> [WHAT THIS TASK INVOLVES]
Return the listing exactly. Keep no pictures.

> [RECORDED INFORMATION]
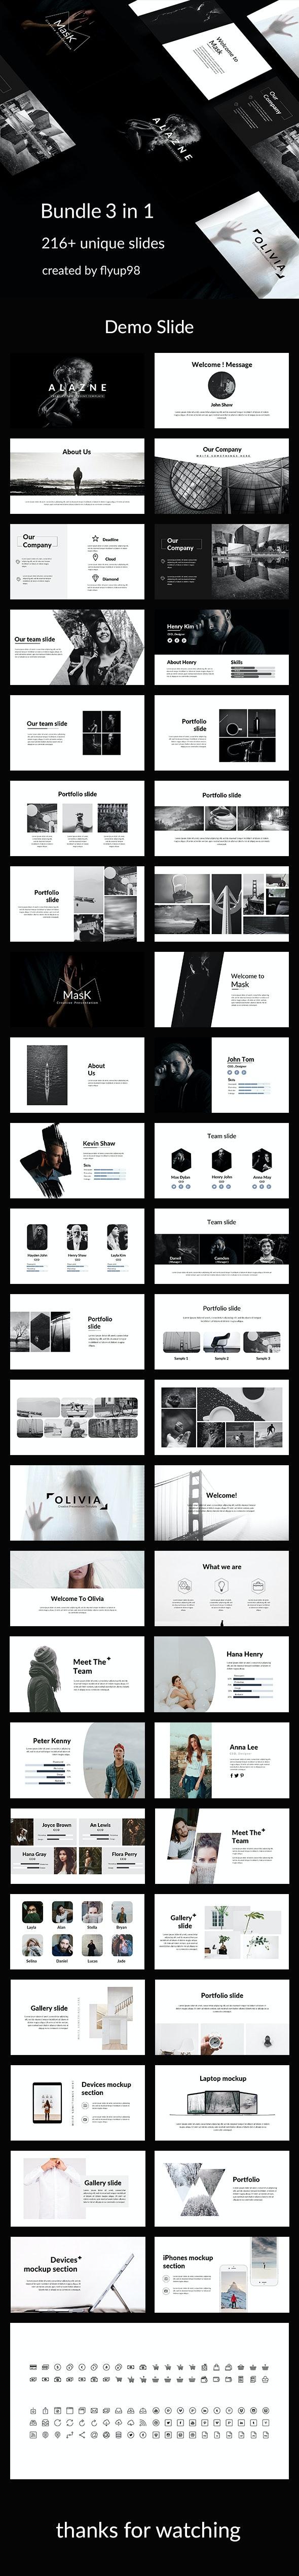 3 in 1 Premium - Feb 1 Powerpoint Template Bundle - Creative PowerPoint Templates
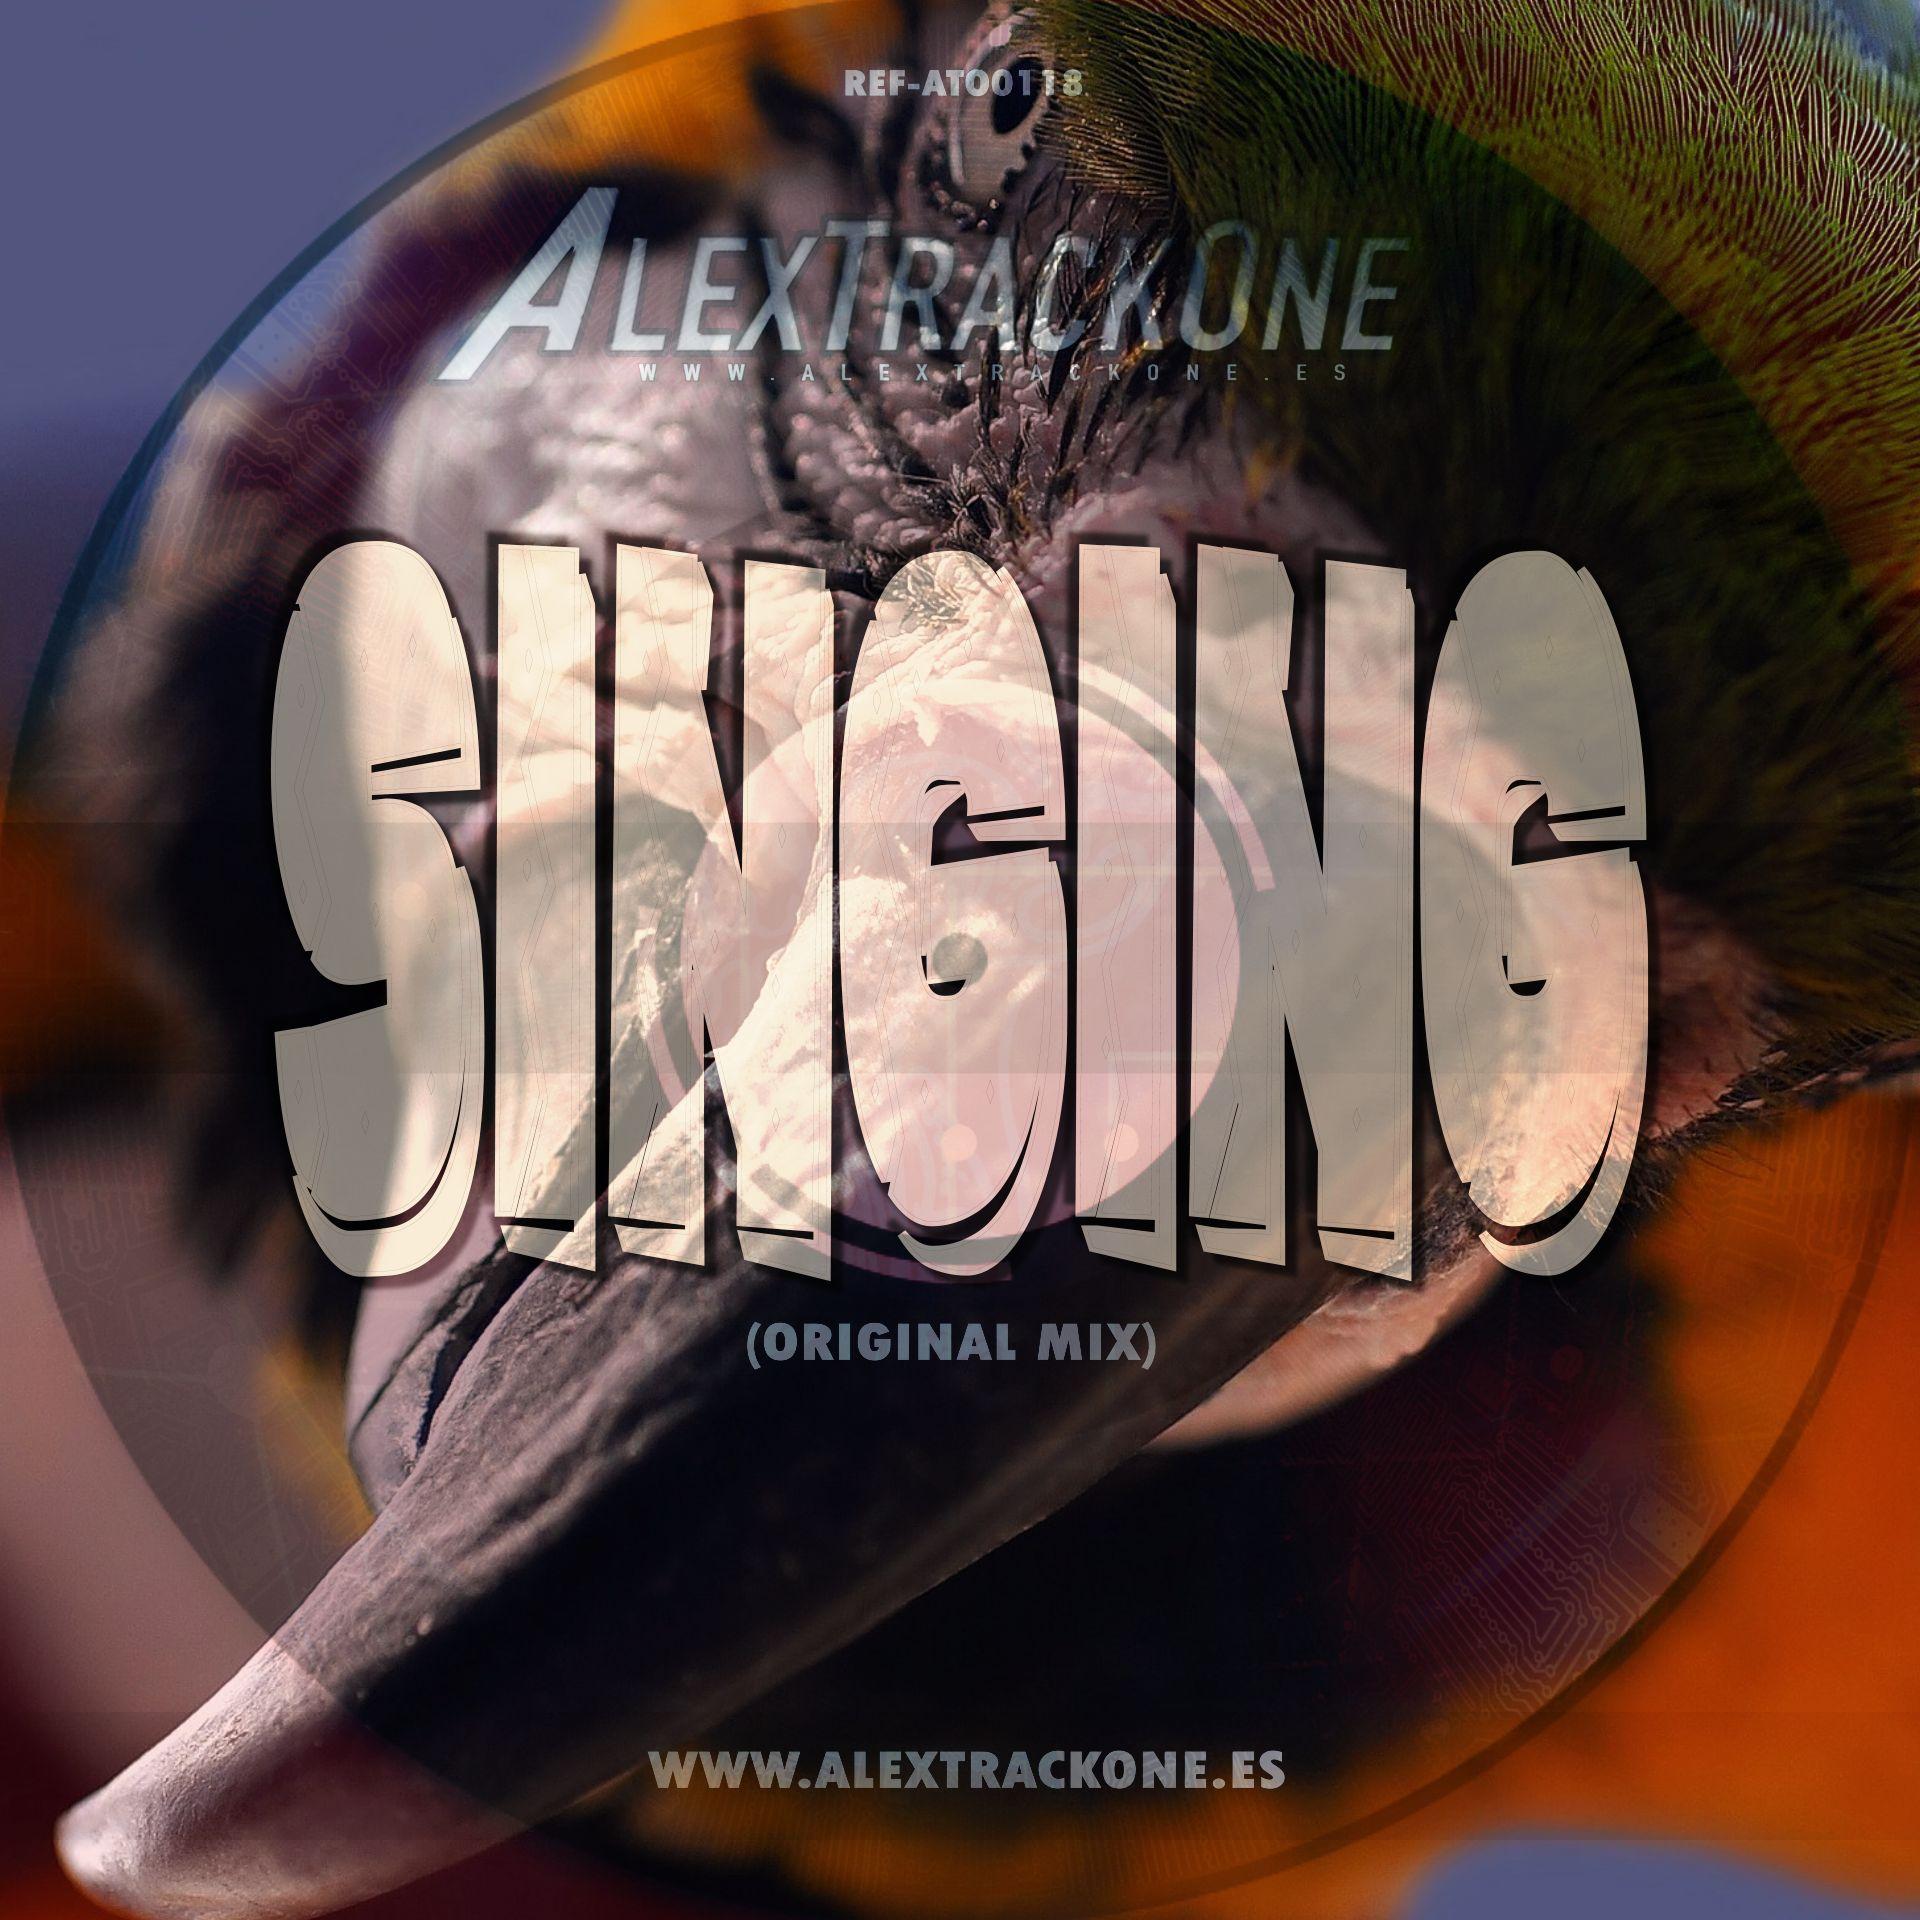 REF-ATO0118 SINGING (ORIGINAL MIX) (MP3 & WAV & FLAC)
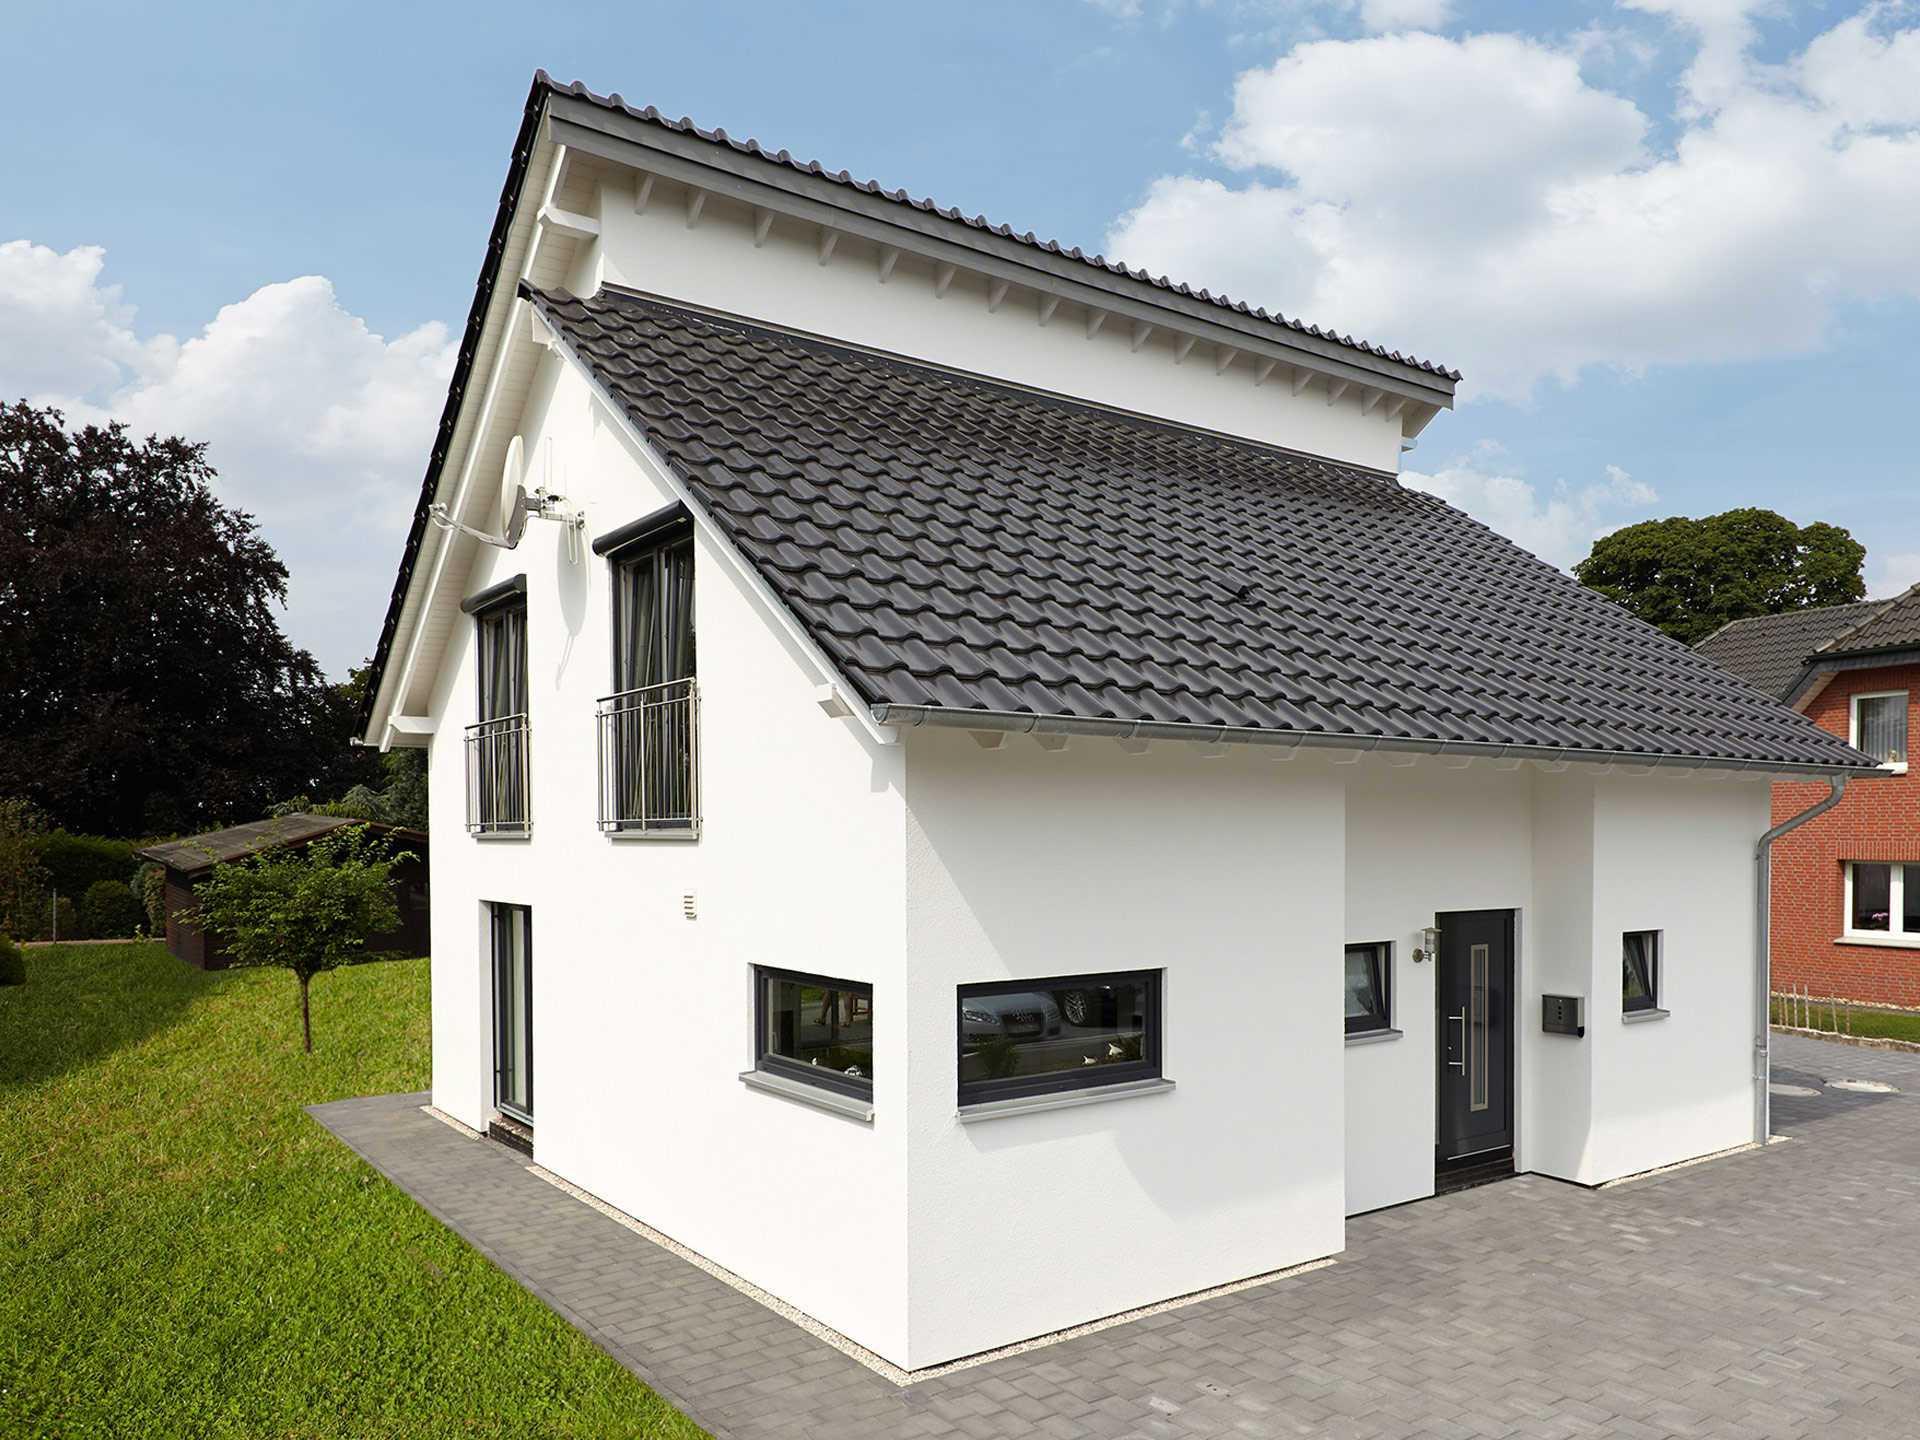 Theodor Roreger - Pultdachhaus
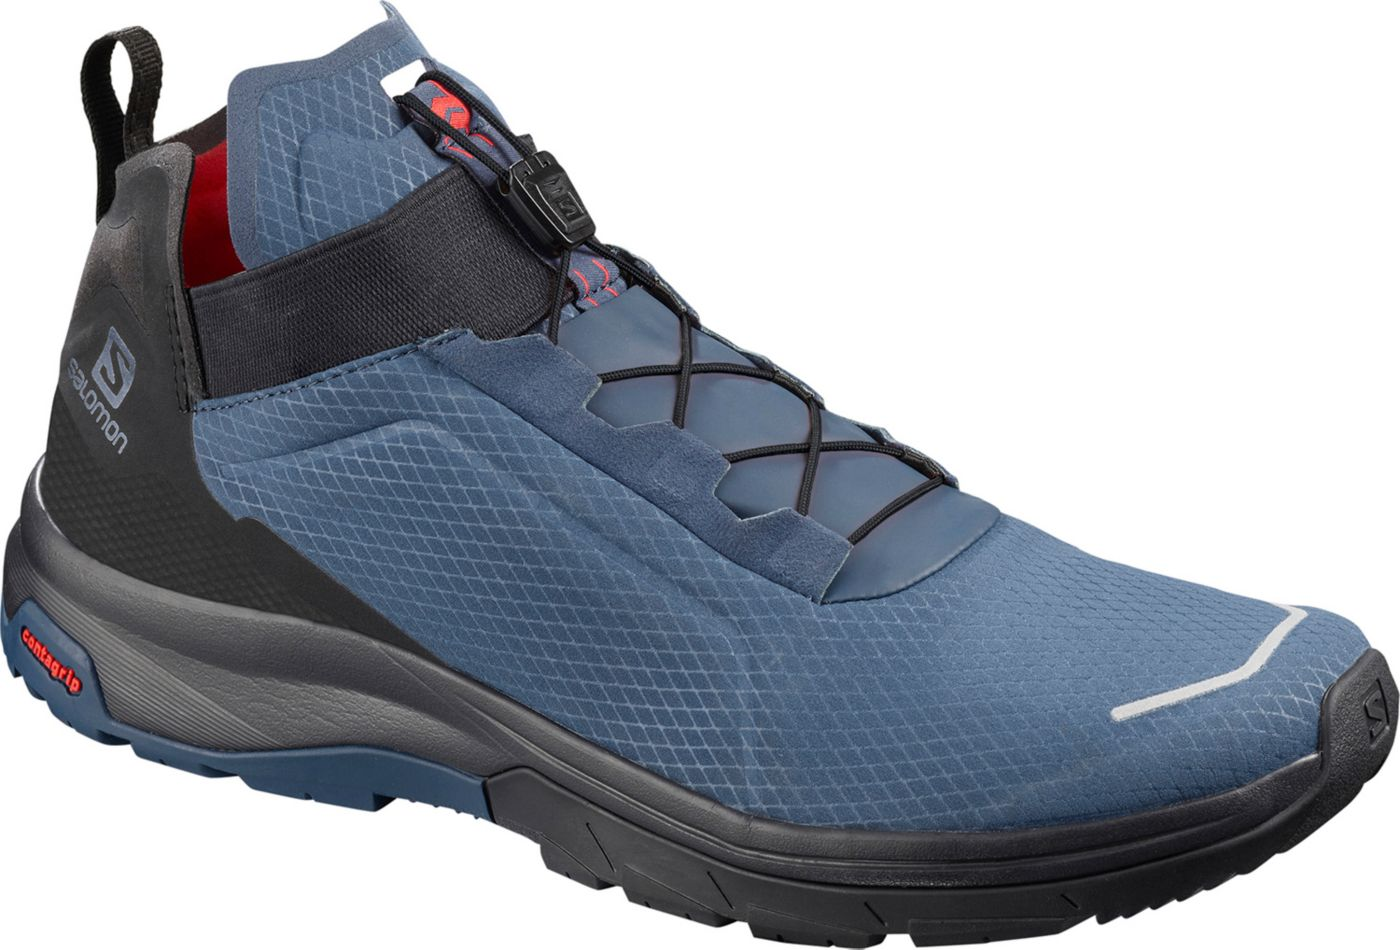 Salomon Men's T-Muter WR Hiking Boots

> [TASK OUTPUT]
 3 in 1 Premium - Feb 1 Powerpoint Template Bundle - Creative PowerPoint Templates
 REF-ATO0118 SINGING (ORIGINAL MIX) (MP3 & WAV & FLAC)
 Theodor Roreger - Pultdachhaus
 Salomon Men's T-Muter WR Hiking Boots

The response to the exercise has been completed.